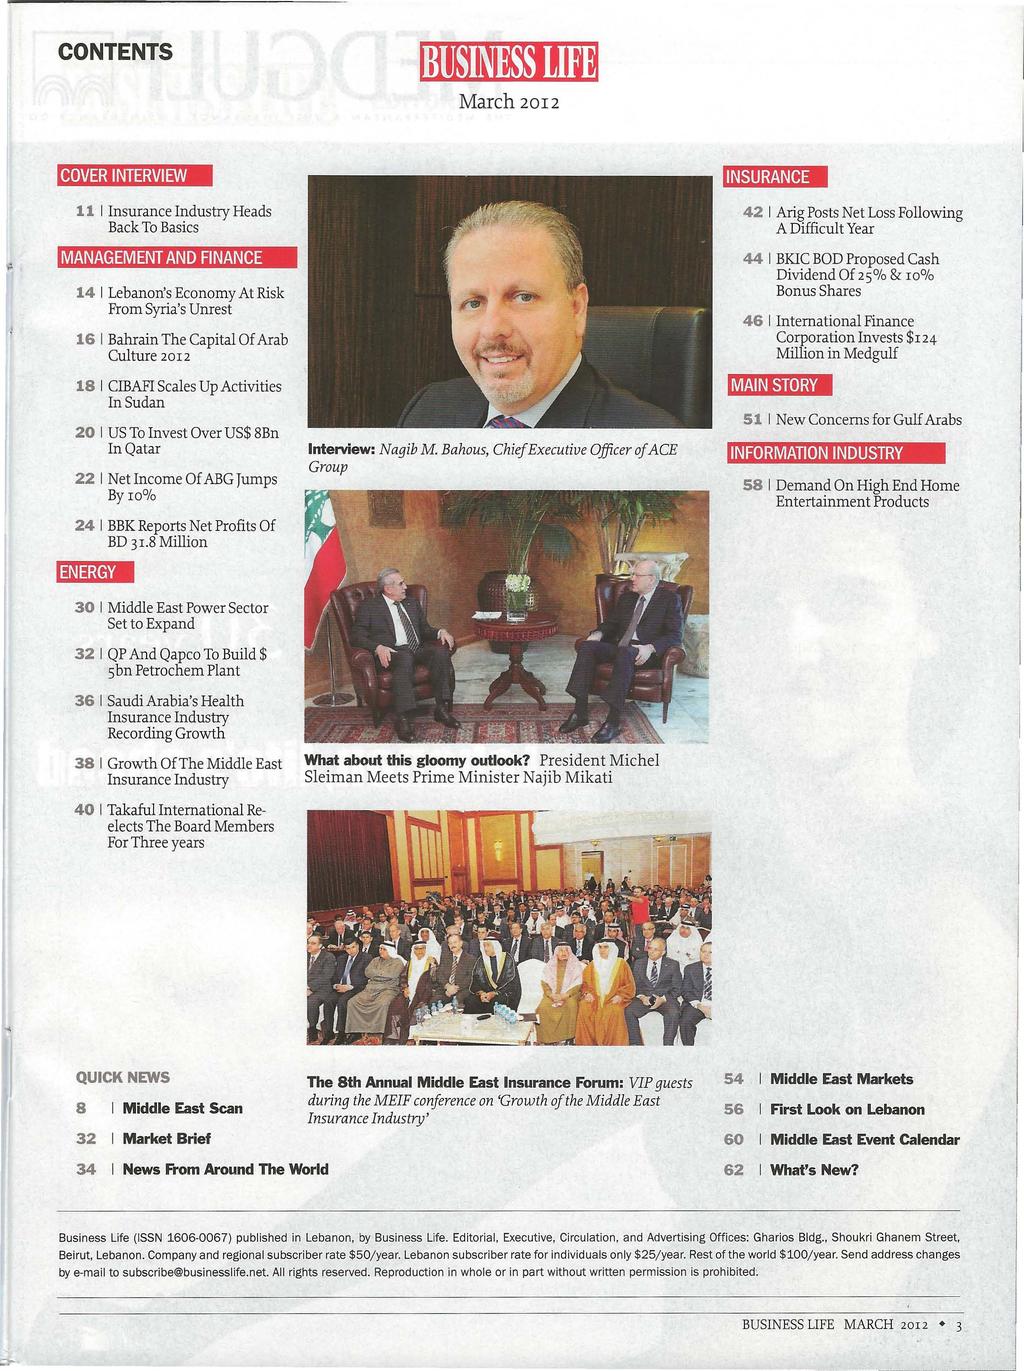 CONTENTS March 2012 COVER INTERVIEW 11 I Heads Back To Basics MANAGEMENT AND FINANCE 14 I Lebanon's Economy At Risk From Syria's Unrest 16 I Bahrain The Capital Of Arab Culture 2012 18 I CIBAPI
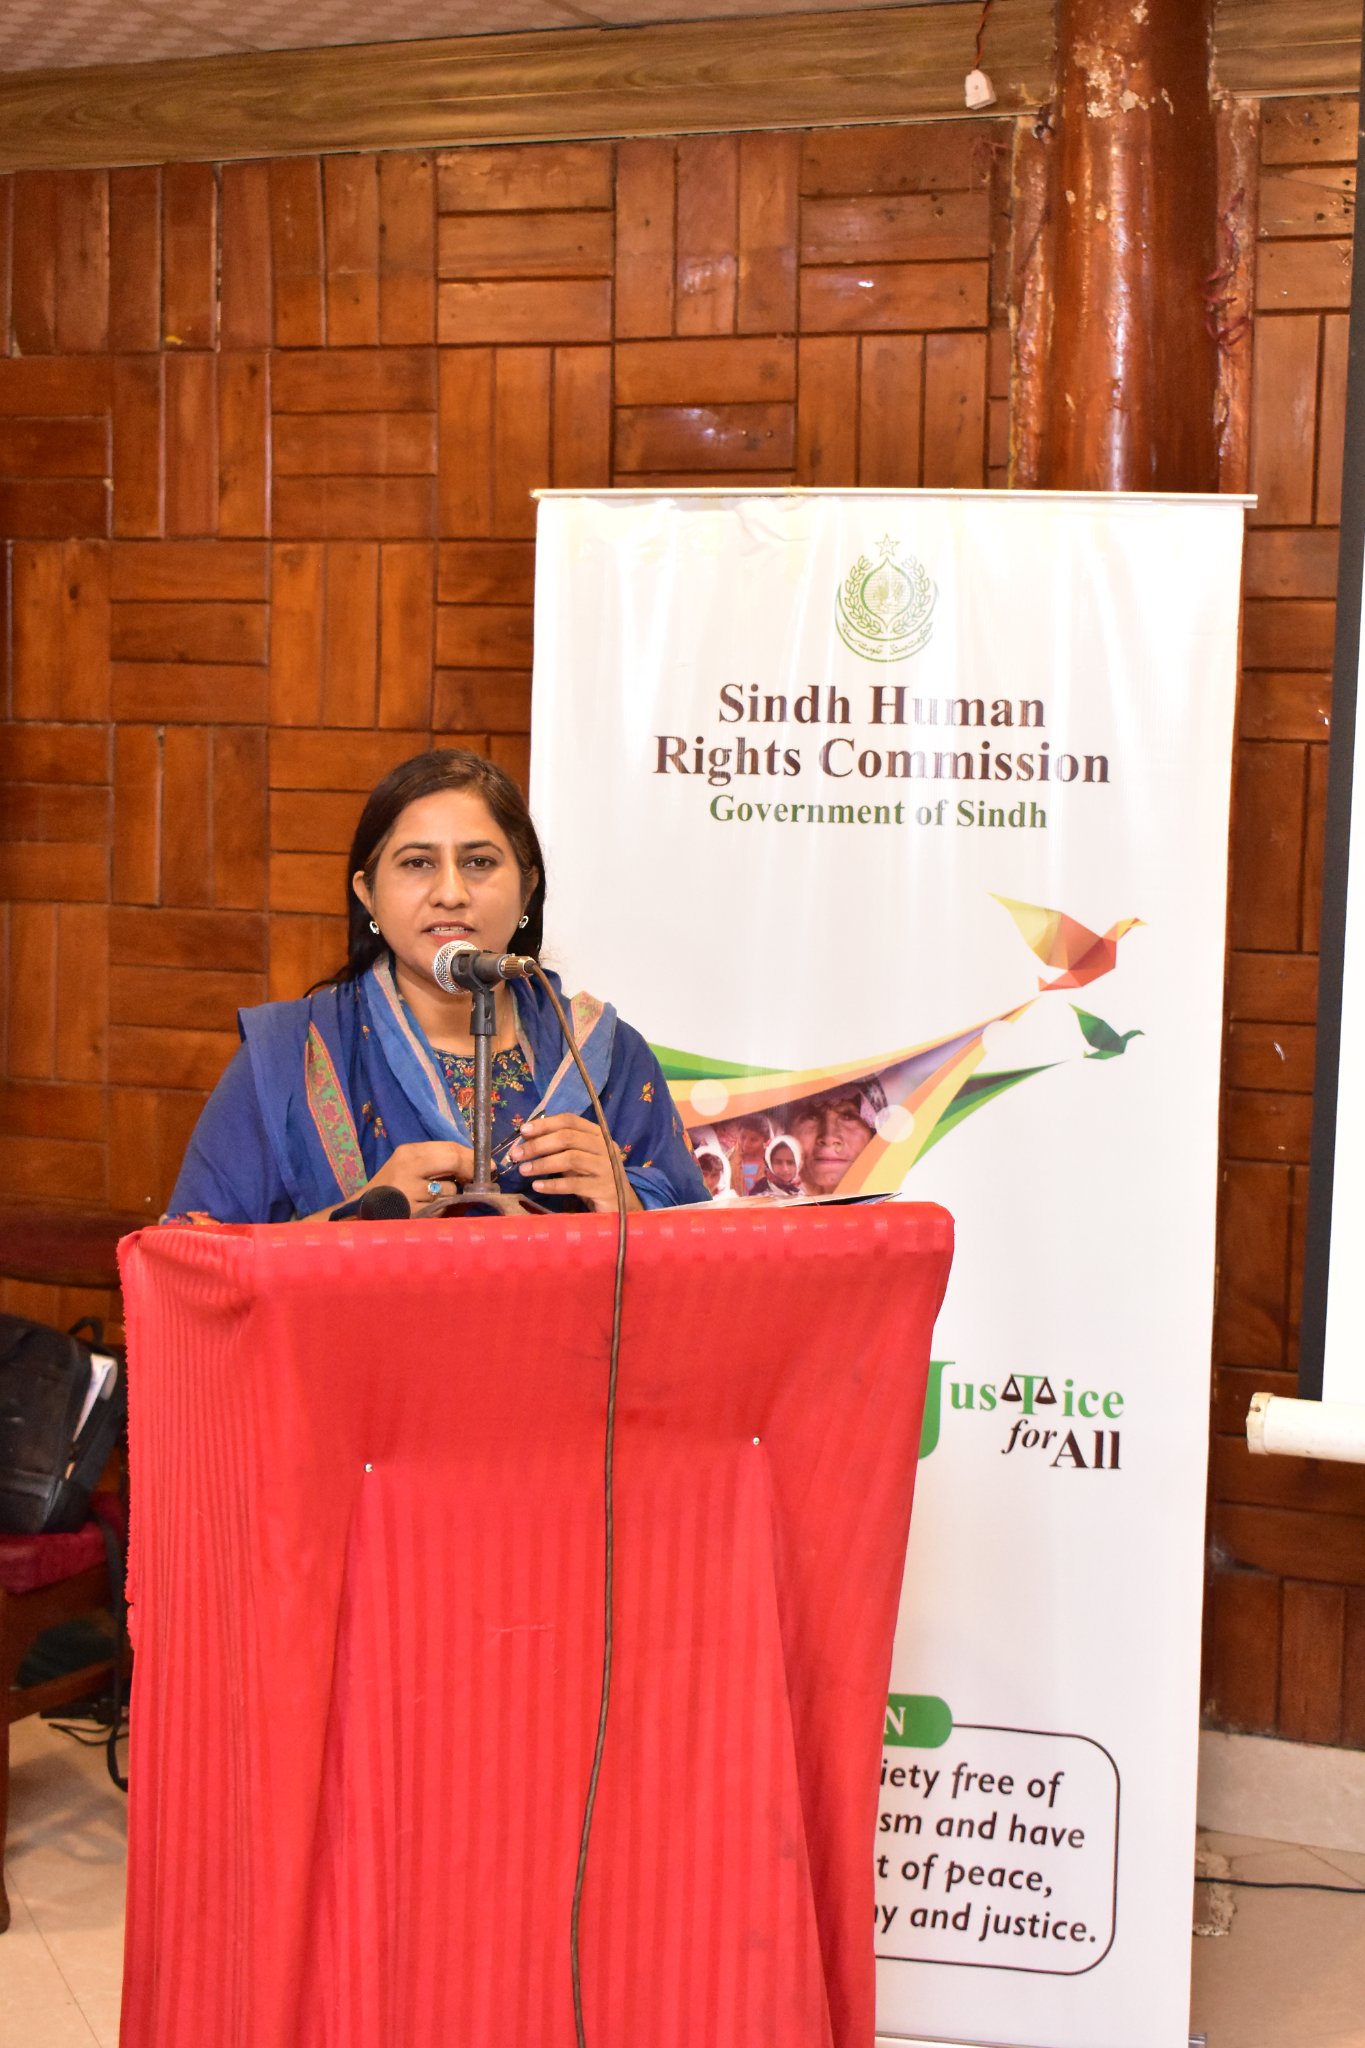 Training on The Sindh Hindu Marriage Act 2018 - Shaheed Benazir Abad
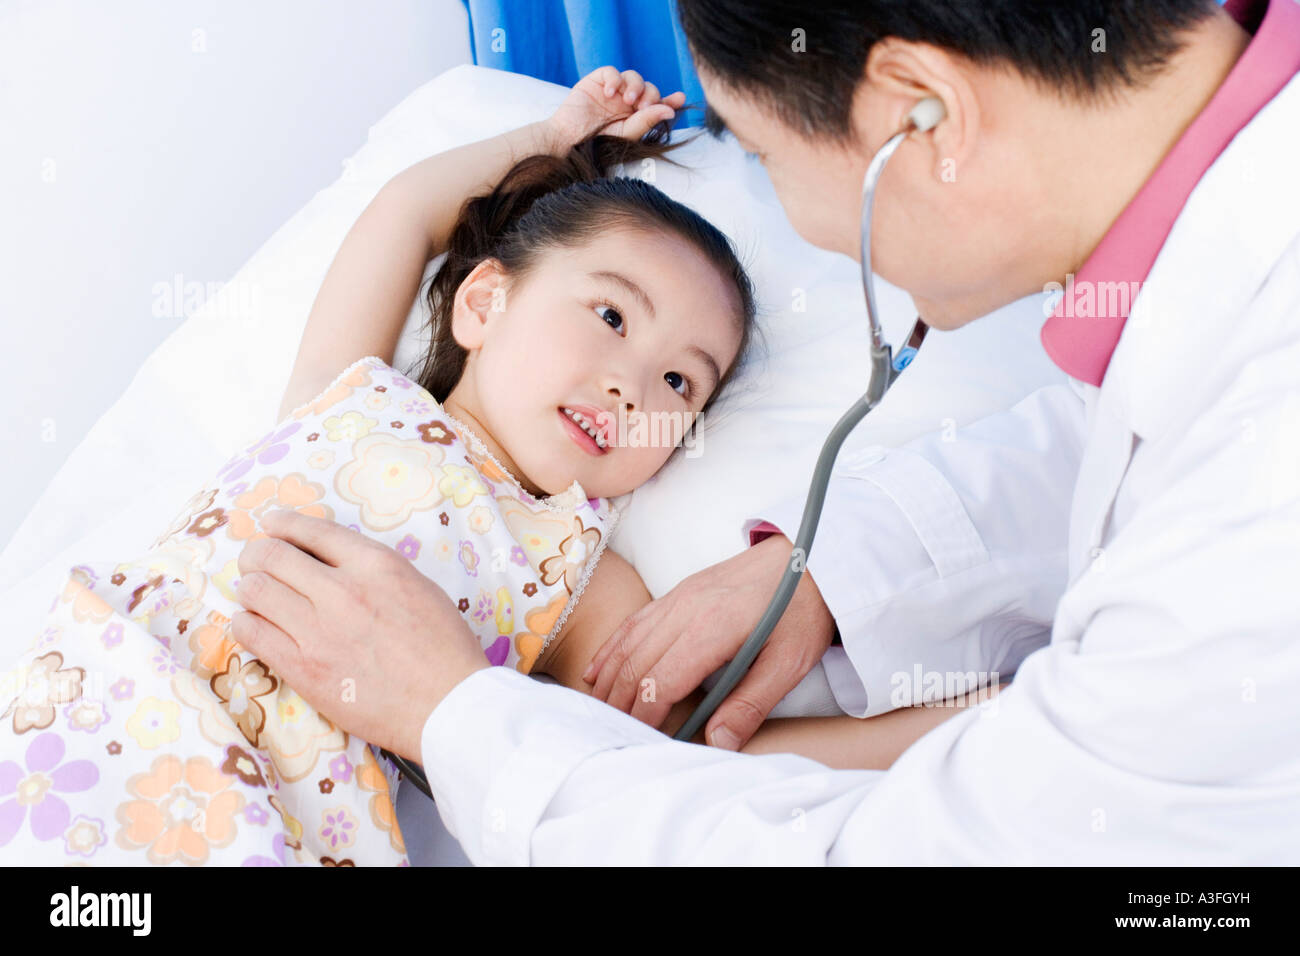 Close-up of a girl being examined by a male doctor Stock Photo

• [Task prompt]: Starting with the line that contains "Training on The", copy every line word for word through the end of the listing above, but leave out the pictures.

• [Your solution]:
 Training on The Sindh Hindu Marriage Act 2018 - Shaheed Benazir Abad
 Close-up of a girl being examined by a male doctor Stock Photo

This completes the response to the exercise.